This is an NLP-centered project for capstone 2 of the Galvanize Data Science Intensive. Presented April 2, 2021.
As a life-long reader and as a librarian, I value books. Book-sellers and libraries want to help readers choose books they will enjoy and they want that process to be easy. We want the selection process to be enjoyable and the reading to be rewarding. Therefore, it makes sense to develop computational models for matching readers with books. I want to eventually build a model that uses a "taxonomy of terror" to quantify just how scary a book is in order to help readers who want a book that is "a little scary", "chilling and creepy", or "absolutely terrifying". This is sometimes accomplished through subgenre, but a scale of scariness (or romance, or humor, or any other metric of sentiment) would be very useful in helping to advise readers in a digital space.
Being able to discern one author from another inside of a given genre is a step in the right direction because authors often adhere to a given sub-genre.
I used a supervised approach to text classification among three authors.
The dataset I used came from a 2017 Kaggle competition using individual lines of text as predictors of the author.
The target would be the author and the goal is to train a model that can identify the author of an unseen piece of text, out of three authors whose work is included in the corpus.
The three authors represented are: Edgar Allan Poe, H.P. Lovecraft, and Mary Wollstonecraft Shelley.
Author | Vocabulary Size |
---|---|
Edgar Allan Poe | 15,261 |
H.P. Lovecraft | 14, 504 |
Mary Shelley | 11,515 |
I also applied NLTK's Sentiment Intensity Analyzer on each line for each author's work.
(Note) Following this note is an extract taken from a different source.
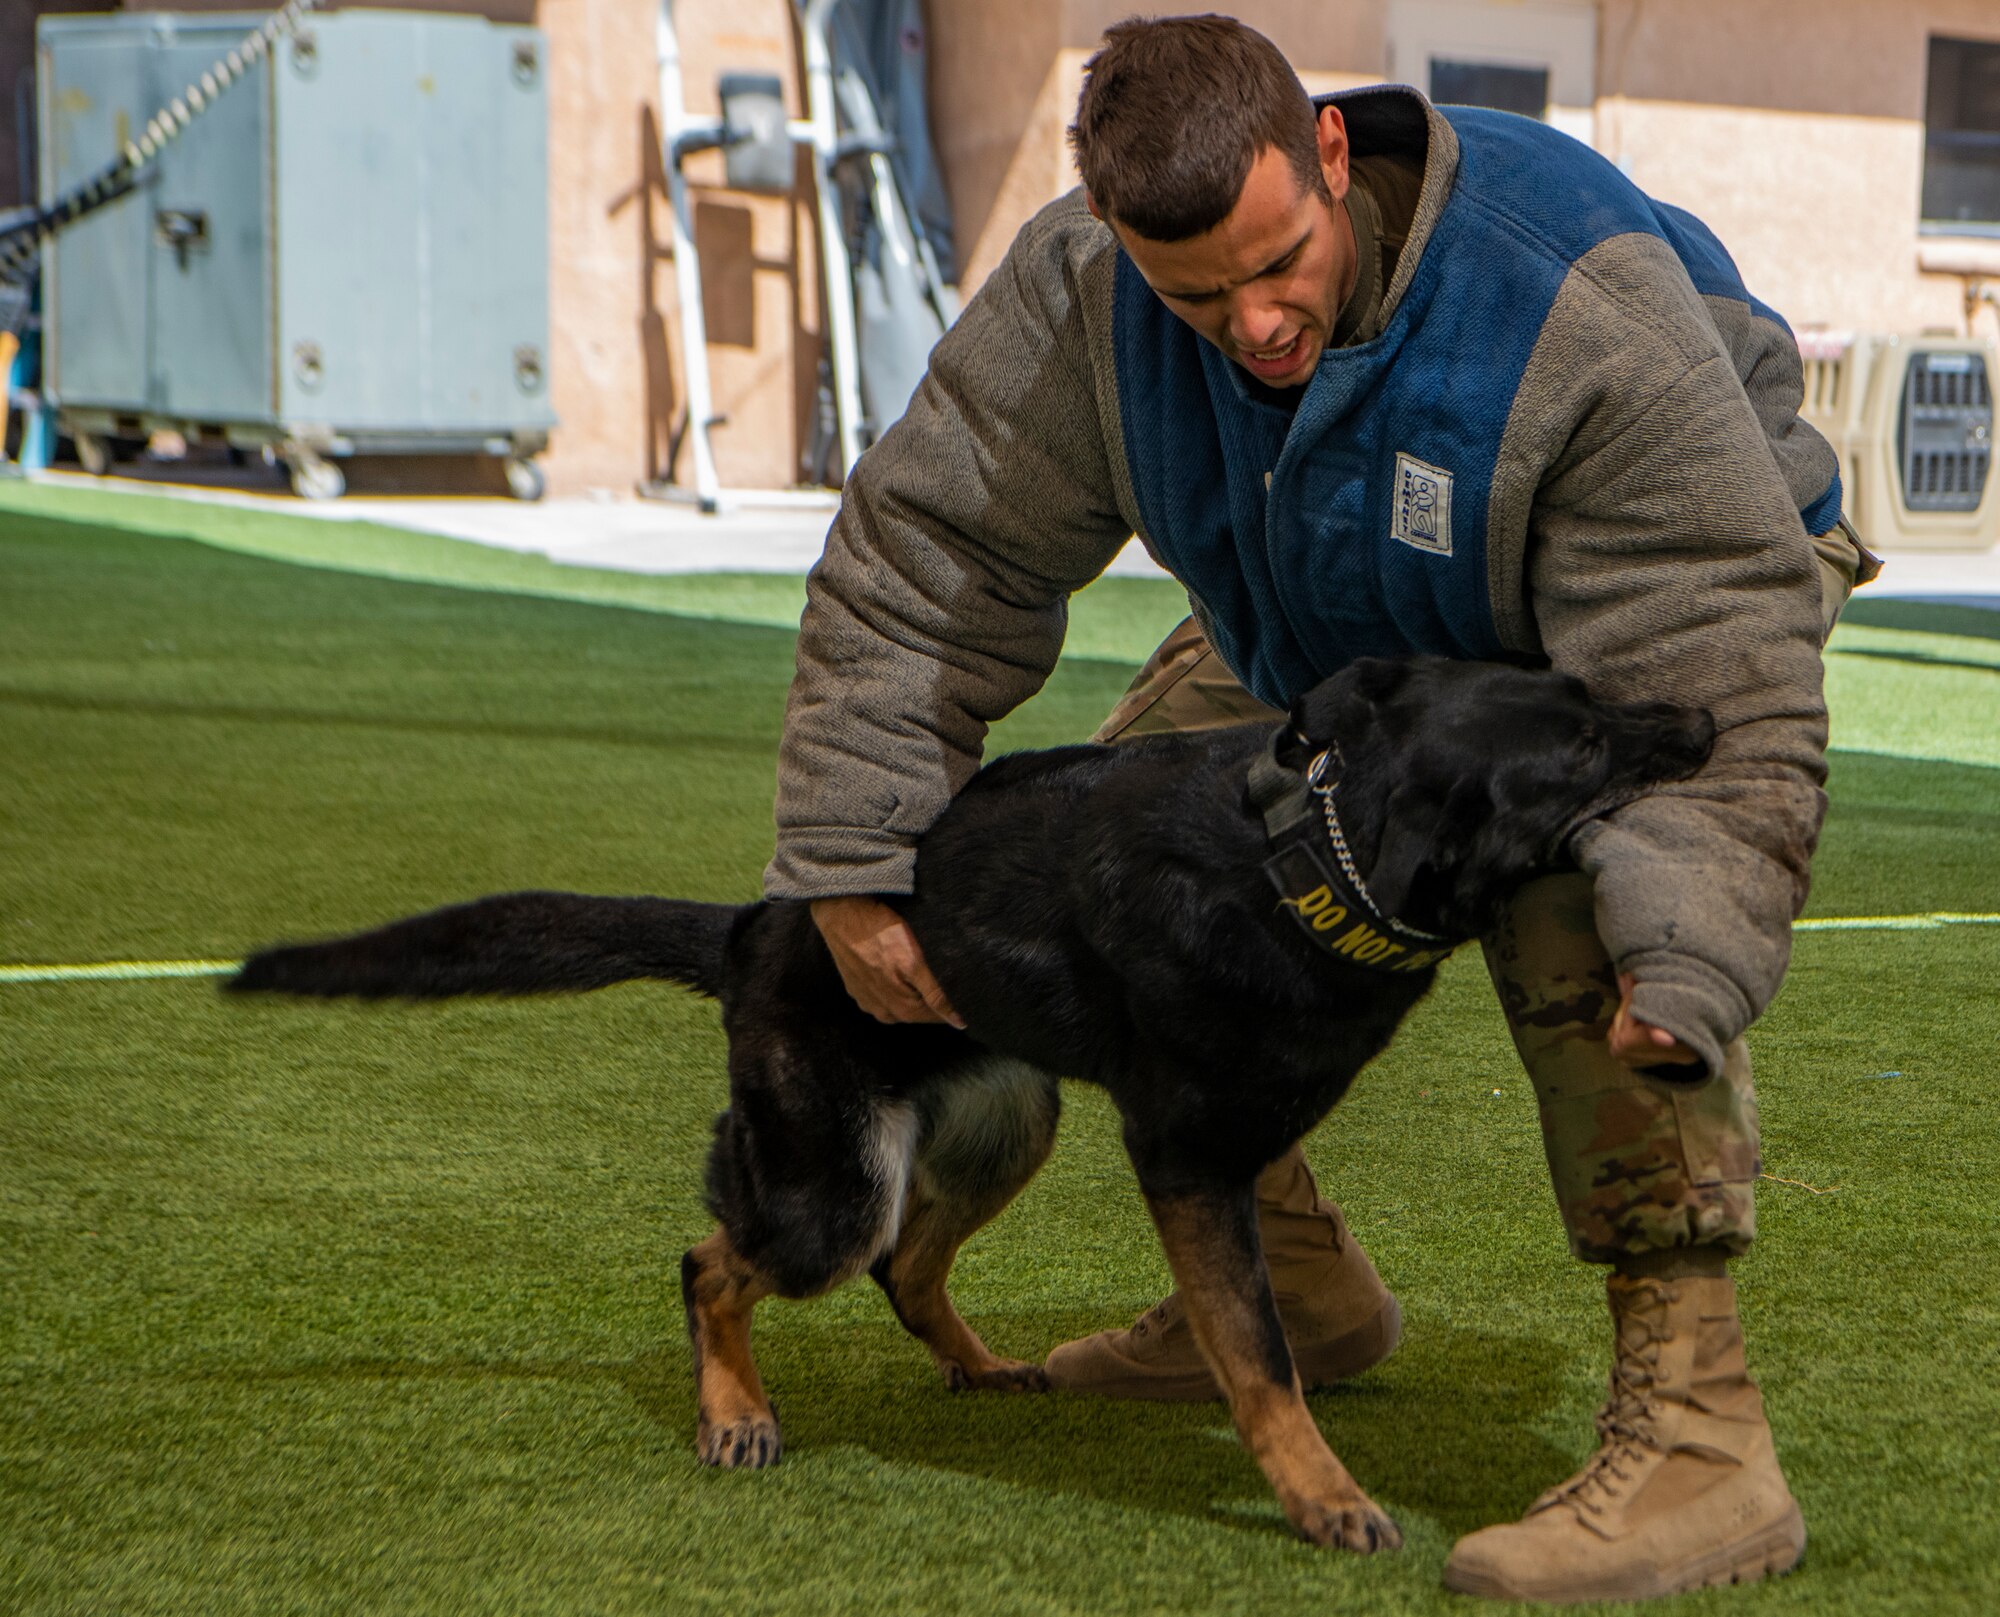 Dog bites Airman in training exercise.

The following table shows those sentiments averaged by author:
Author | Negative | Neutral | Positive | Compound |
---|---|---|---|---|
Edgar Allan Poe | .07 | .84 | .09 | .04 |
H.P. Lovecraft | .09 | .84 | .07 | -.06 |
Mary Shelley | .10 | .77 | .13 | .06 |
The model I used to classify the texts was Multinomial Naive Bayes. When tested, the following accuracy scores and predictive features were noted.
Author Classifiers | Accuracy | Predictive Feature Samples |
---|---|---|
Poe/Lovecraft/Shelley | 81% | Aberrant, abhor, little, good, great, time, eye, think, far, word, mean, look |
Poe/Lovecraft | 88% | Abandonment, abdication, man, old, house, say, night, know, night, dream, day, look |
Poe/Shelley | 83% | Love, life, man, eye, heart, time, father, hope, little, friend, death, think |
I chose to keep what I saw as "victorian stop-words" because they seemed to be highly predictive for each author. Therefore, I am curious as to whether that decision may have led to an overfit model or if it's a good application in a purpose-built model for classifying authors by their syntactic signatures.
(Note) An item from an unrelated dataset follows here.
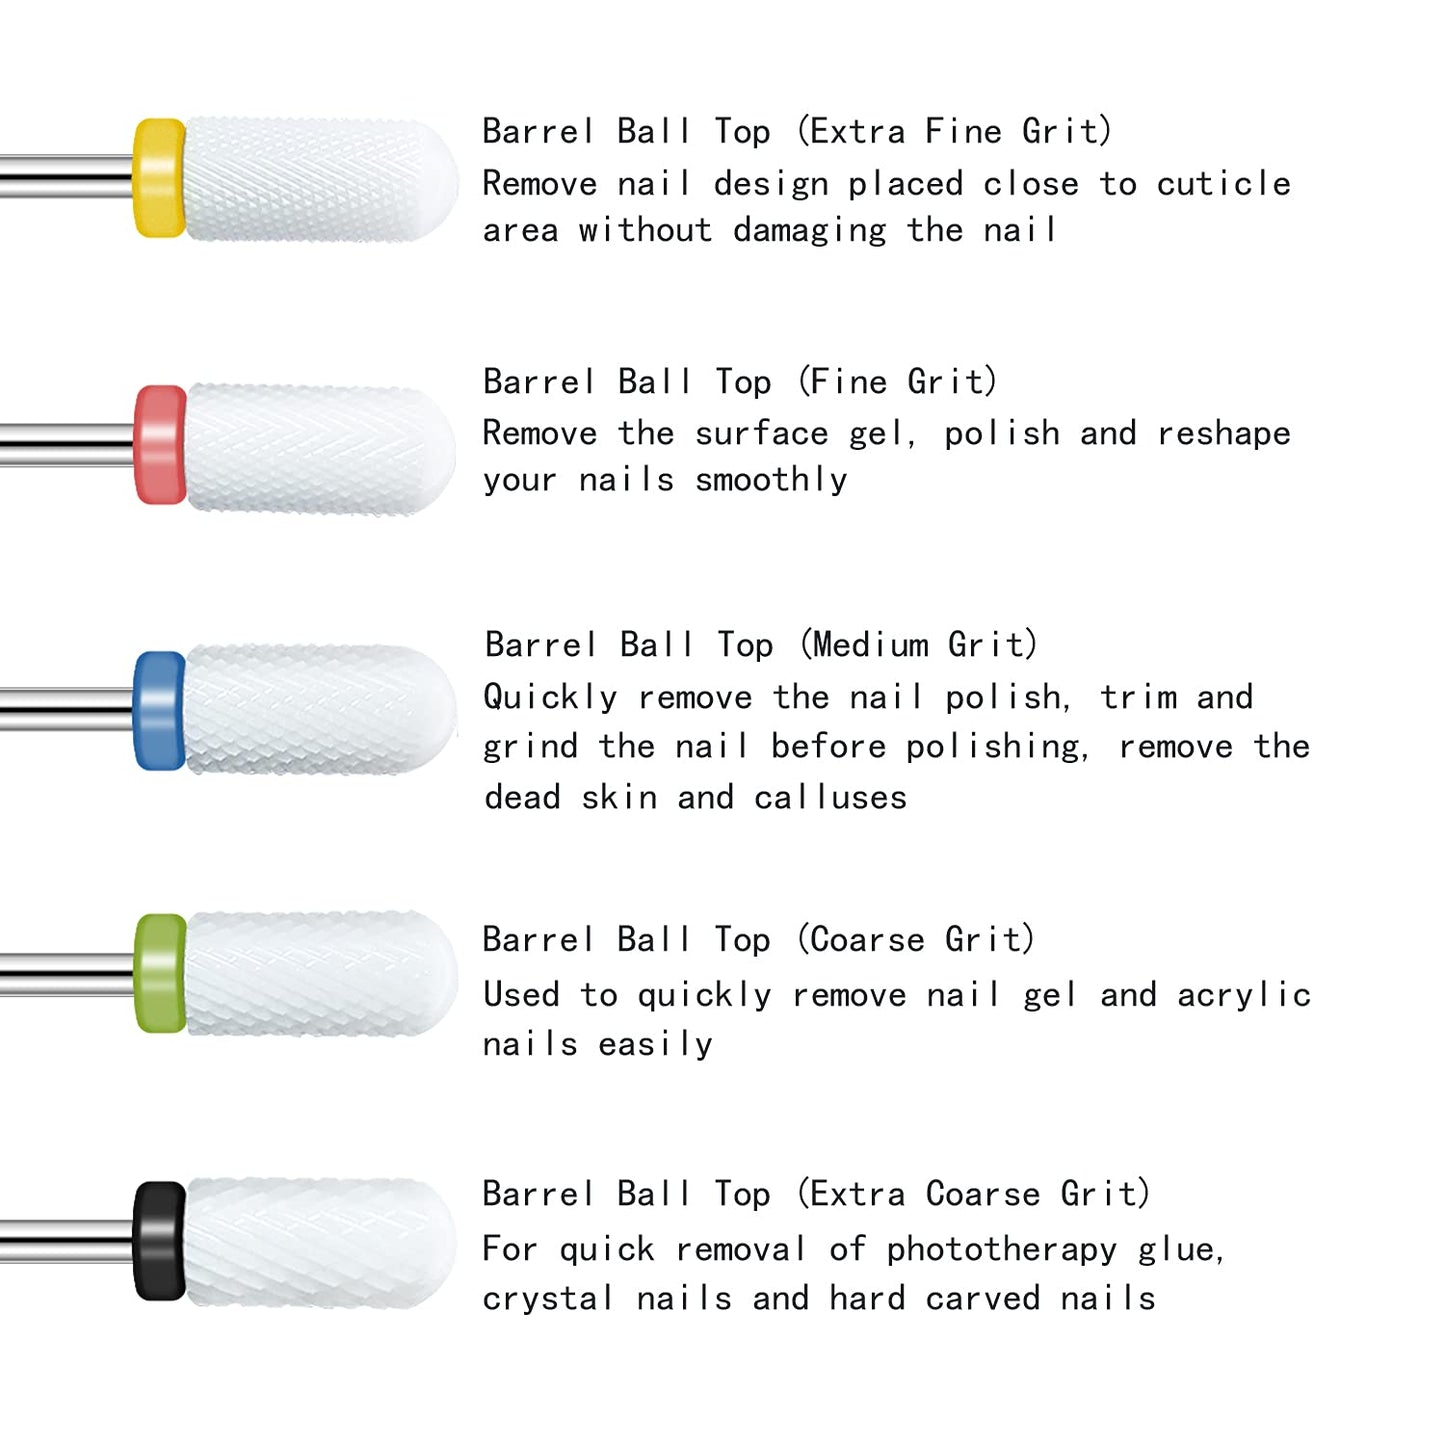 Ceramic Nail Drill Bit Barrel Ball Yellow – Grit: XF (xtra fine) 3/32″

Notes: Each of these writers makes some unusual stylistic and vocabulary choices. I wondered if those are easily spotted in machine learning. In the story "X-ing a Paragrab" there is a letter wherein all of the "o"s in the text are replaced with x. So, there is a line for example that reads: "Gxxd Lxrd, Jxhn, hxw yxu dx lxxk!" and goes on to write "X-cellent" in place of excellent and "X-entric" in place of eccentric.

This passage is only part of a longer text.